**Given information:**

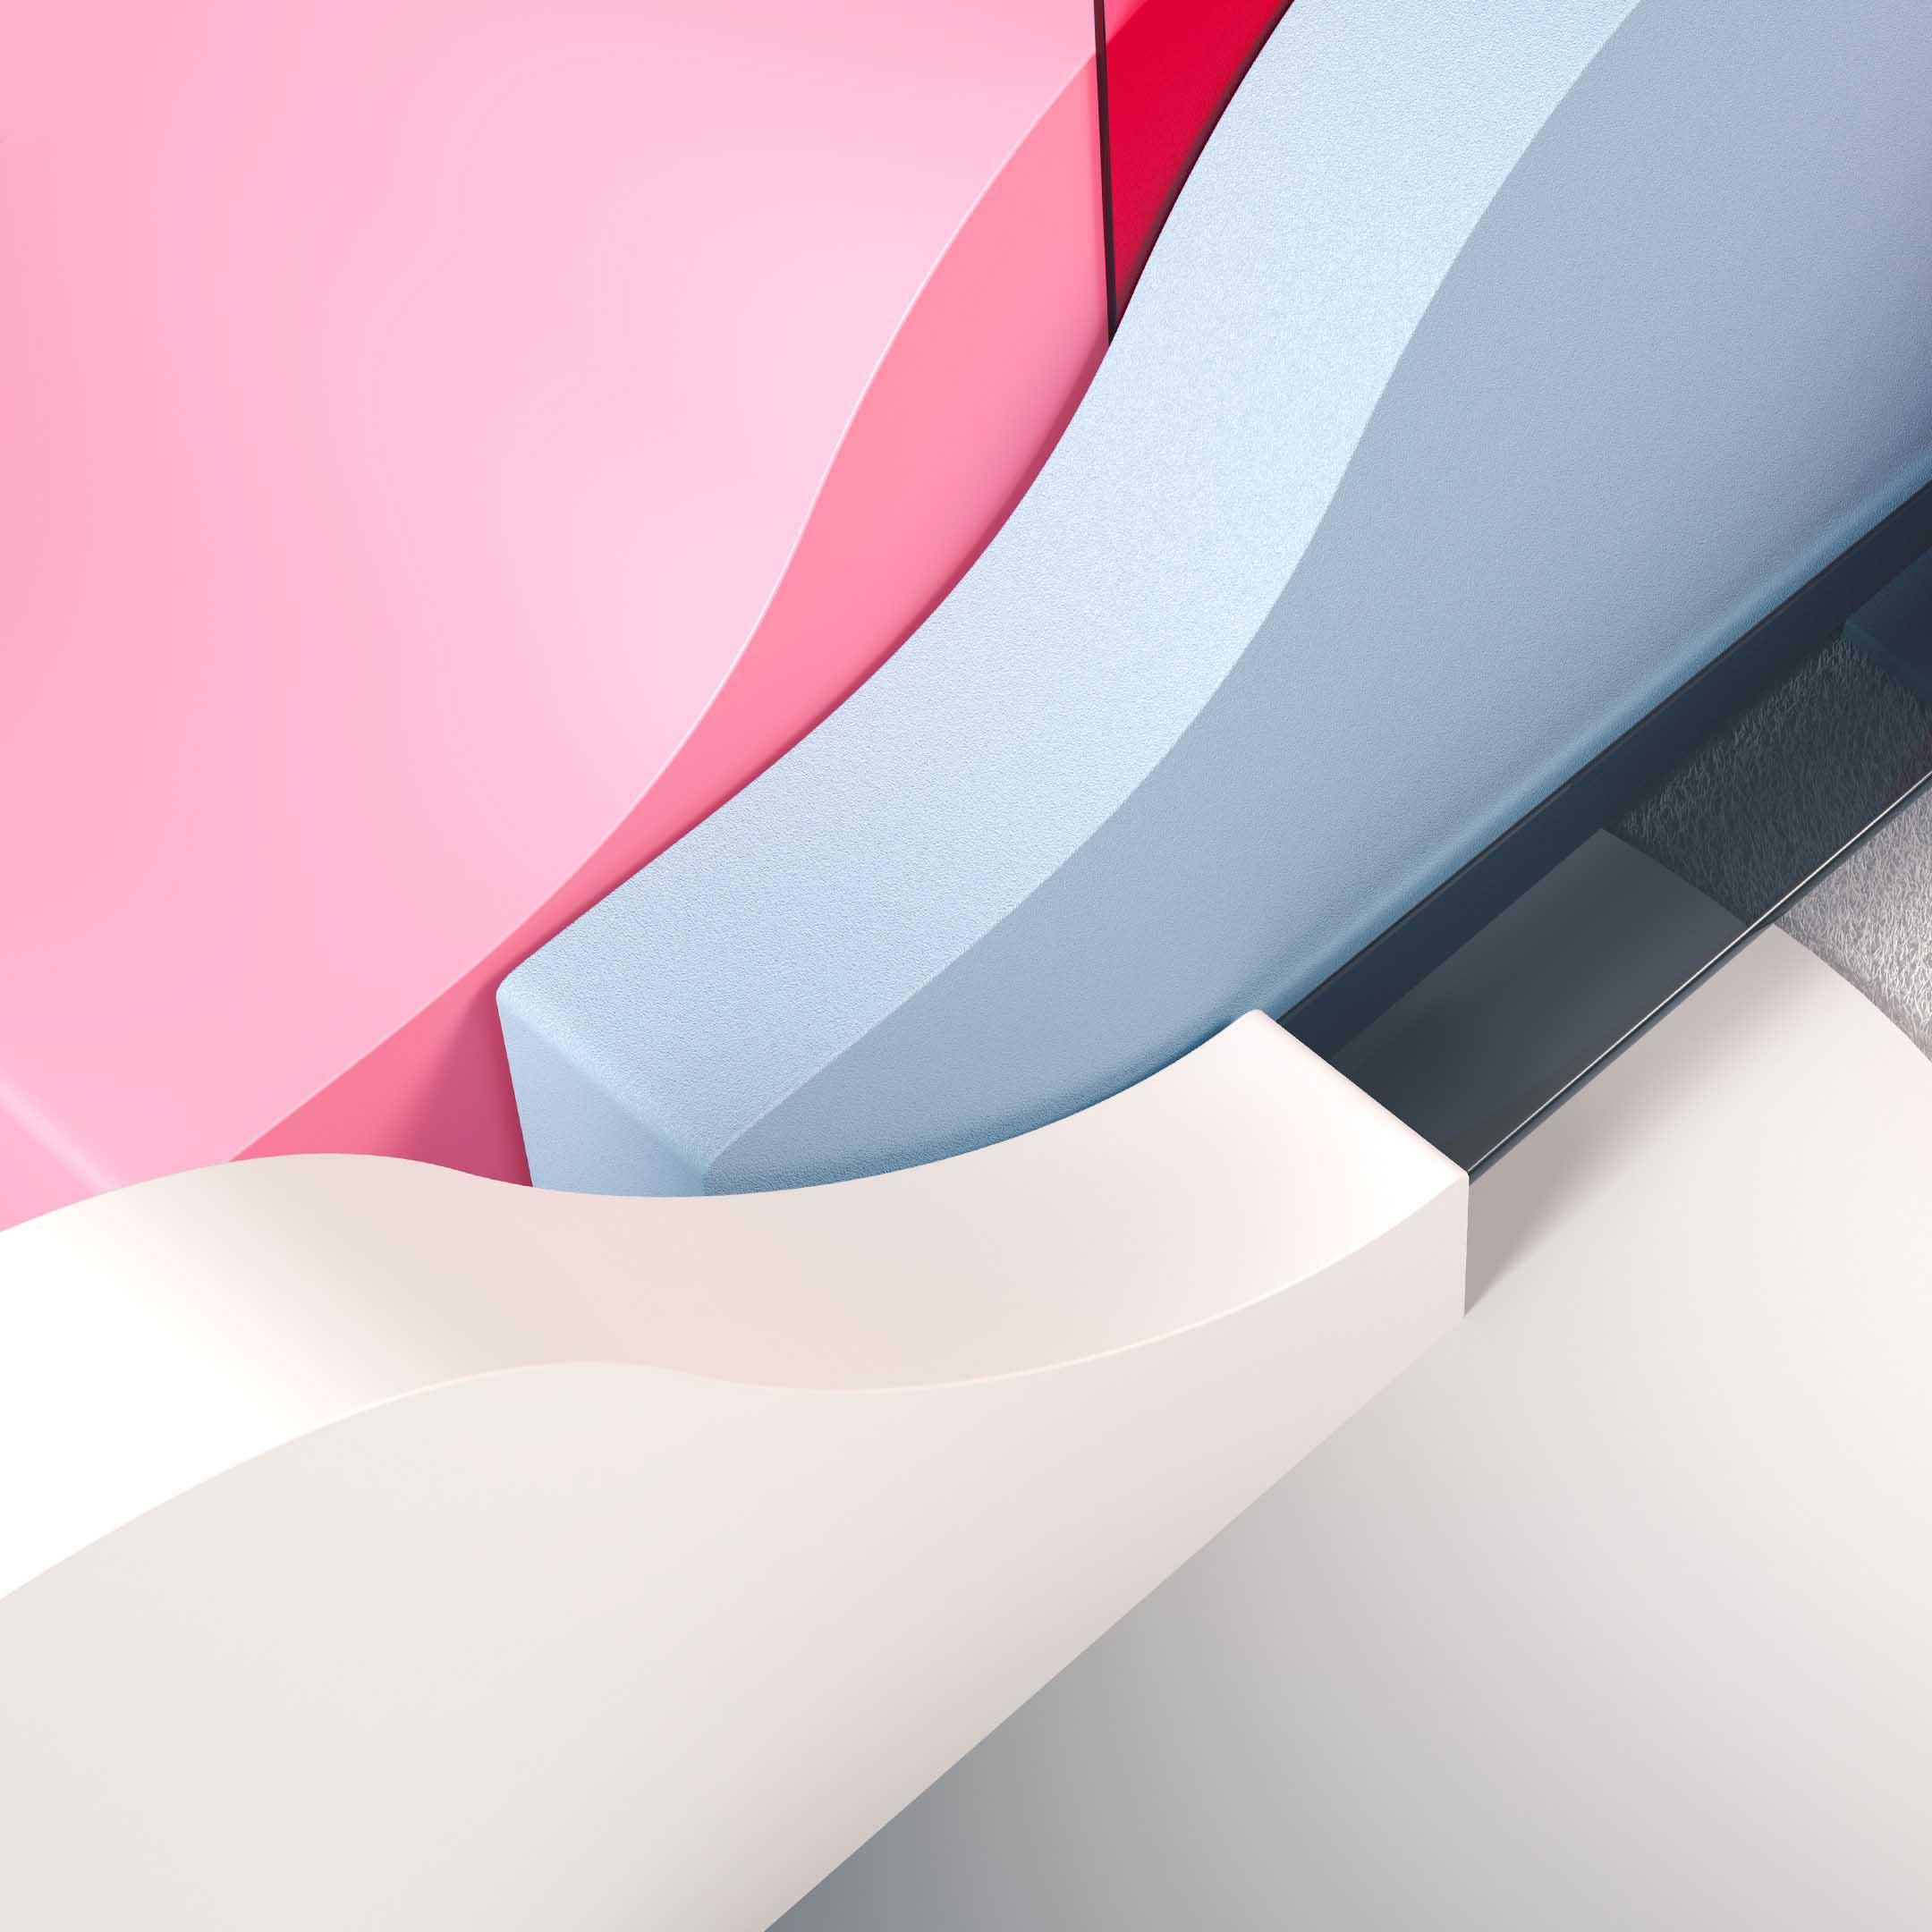 Huawei Enjoy 9e Wallpapers: Download Huawei Enjoy 7S Stock Wallpapers
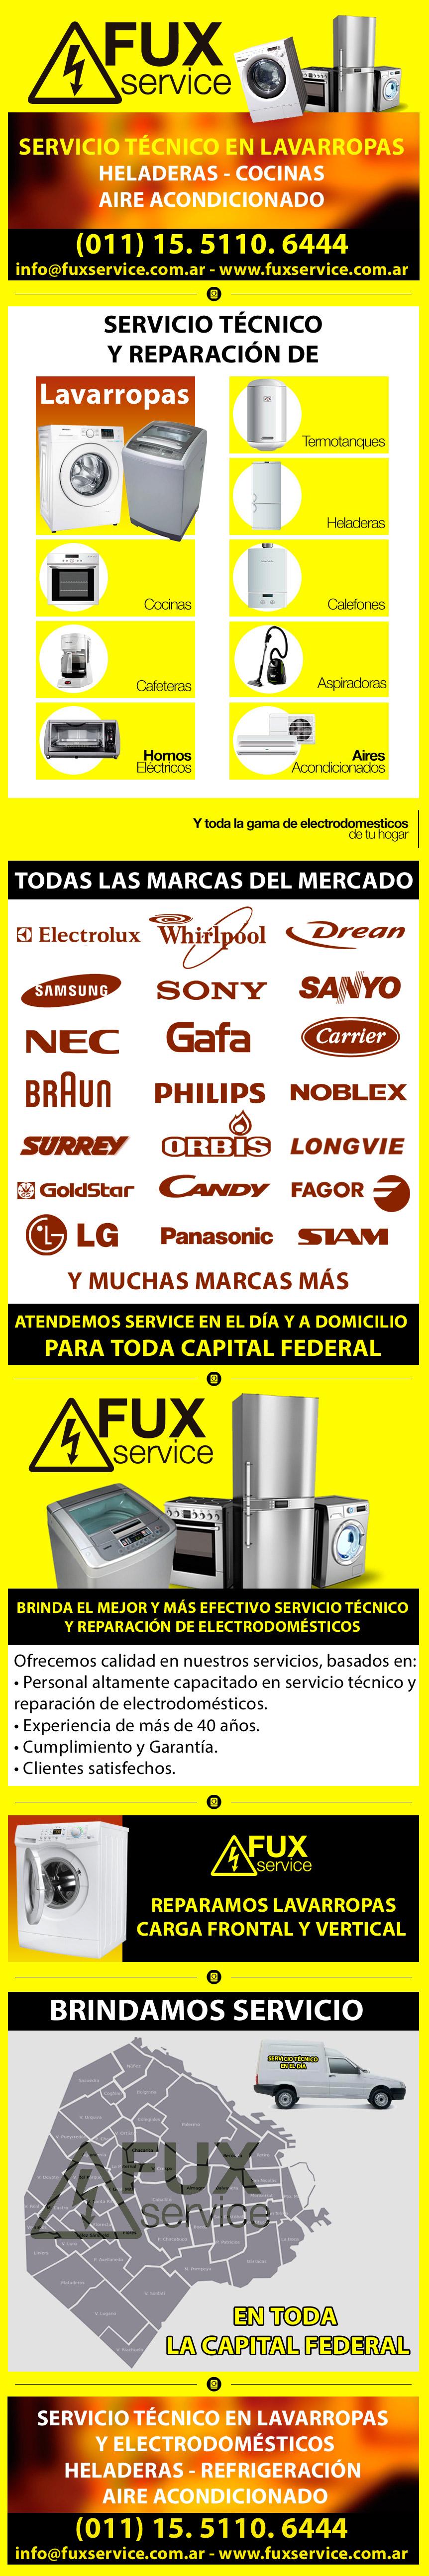 Fux Service - Reparación de lavarropas
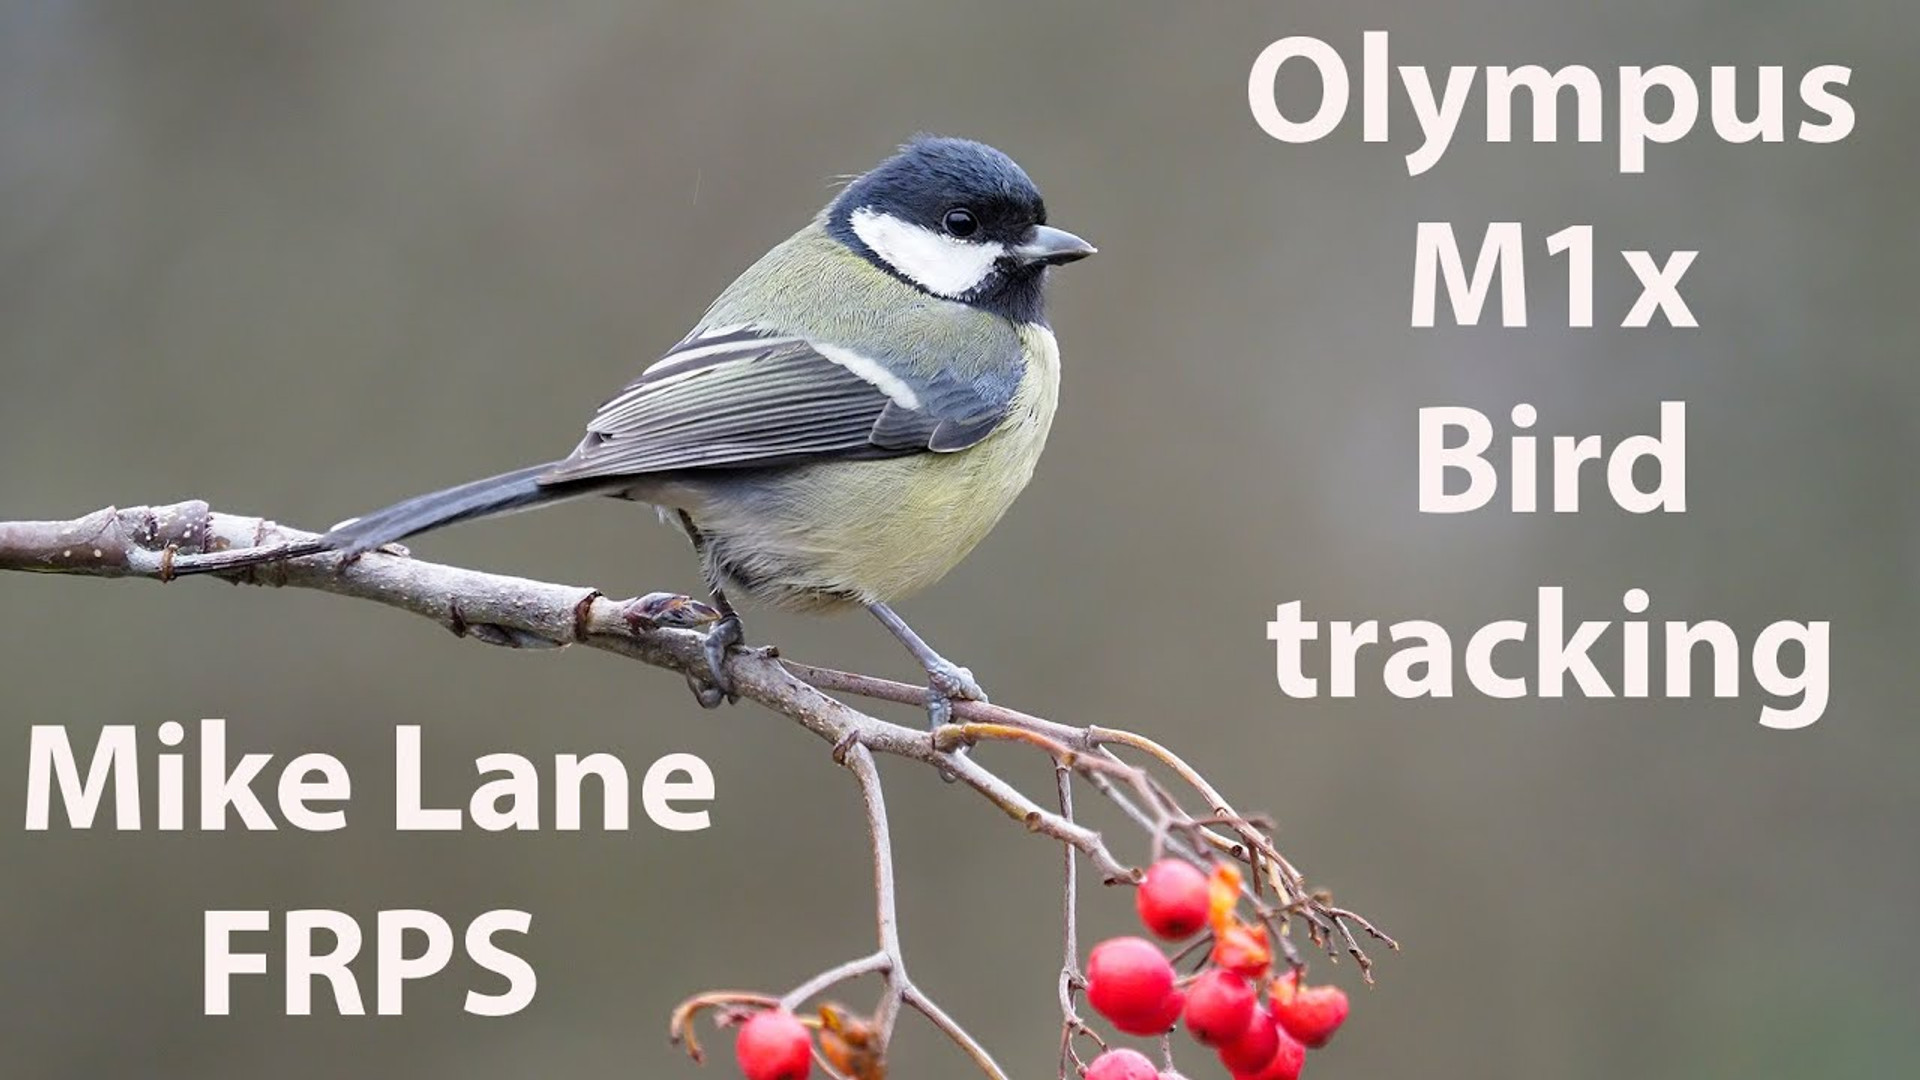 Olympus M1x Bird Tracking
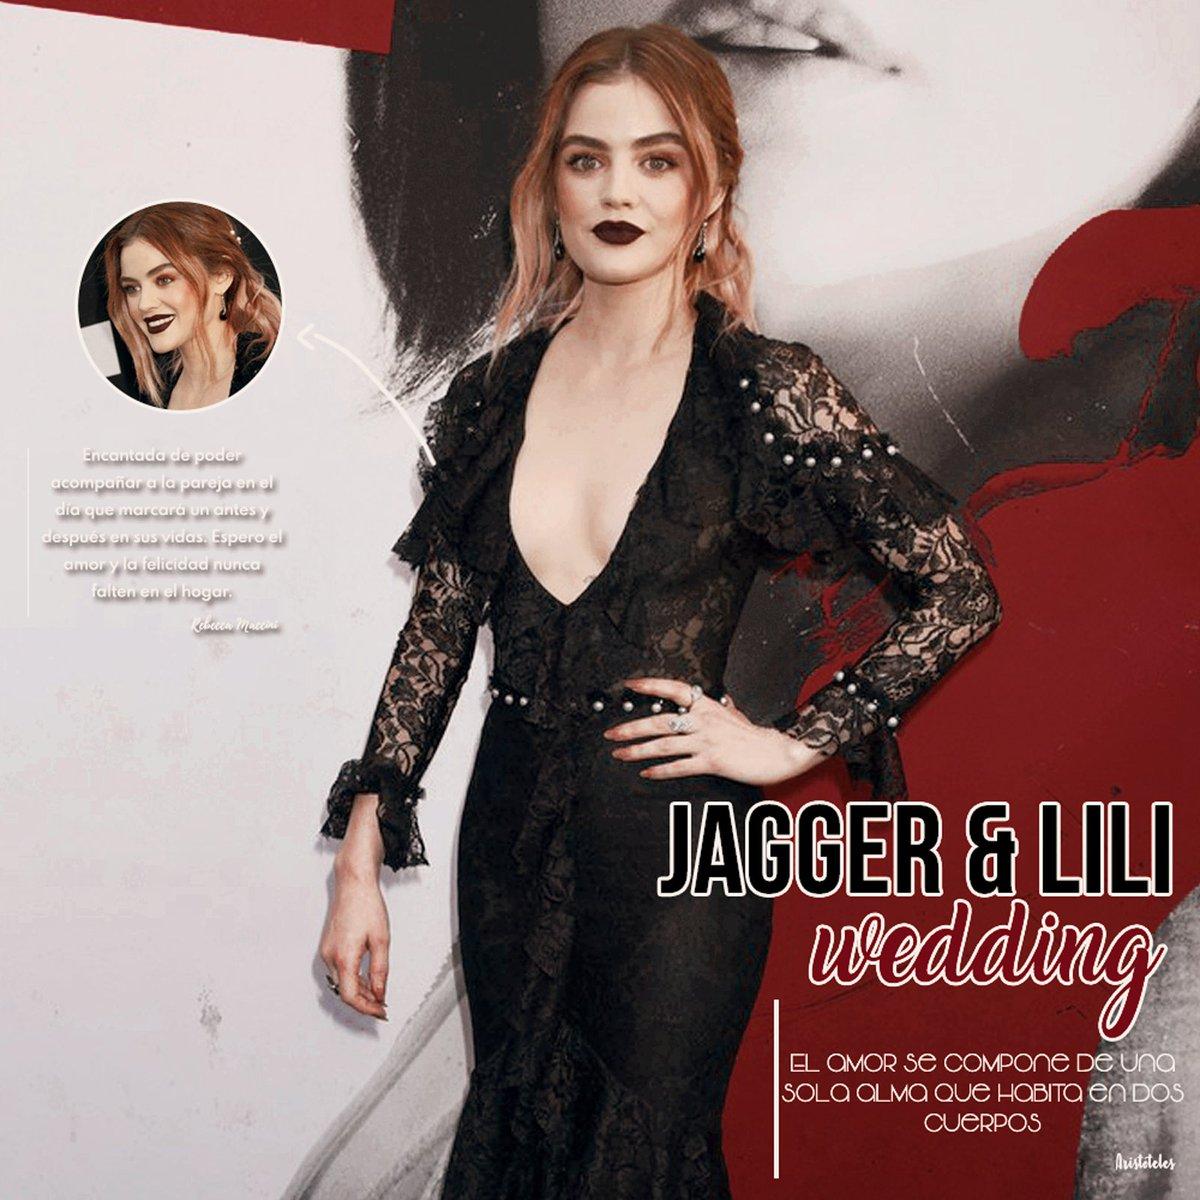 💑┊#MyggerTakesPuertoRico  Ver a Jągger ahí, en el altar, con una mujer tan grandiosa como lo es Lili me hizo querer gritar de pura felicidad.   Amé el poder acompañarlos en un día tan importante, sean felices siempre y ríanse todo el tiempo, que la vida así es más bella.

**Exercise:** Could you transcribe the material above exactly, keeping every picture out?

**Written response:**
 Huawei Enjoy 9e Wallpapers: Download Huawei Enjoy 7S Stock Wallpapers
 Fux Service - Reparación de lavarropas
 Olympus M1x Bird Tracking
 💑┊#MyggerTakesPuertoRico  Ver a Jągger ahí, en el altar, con una mujer tan grandiosa como lo es Lili me hizo querer gritar de pura felicidad.   Amé el poder acompañarlos en un día tan importante, sean felices siempre y ríanse todo el tiempo, que la vida así es más bella.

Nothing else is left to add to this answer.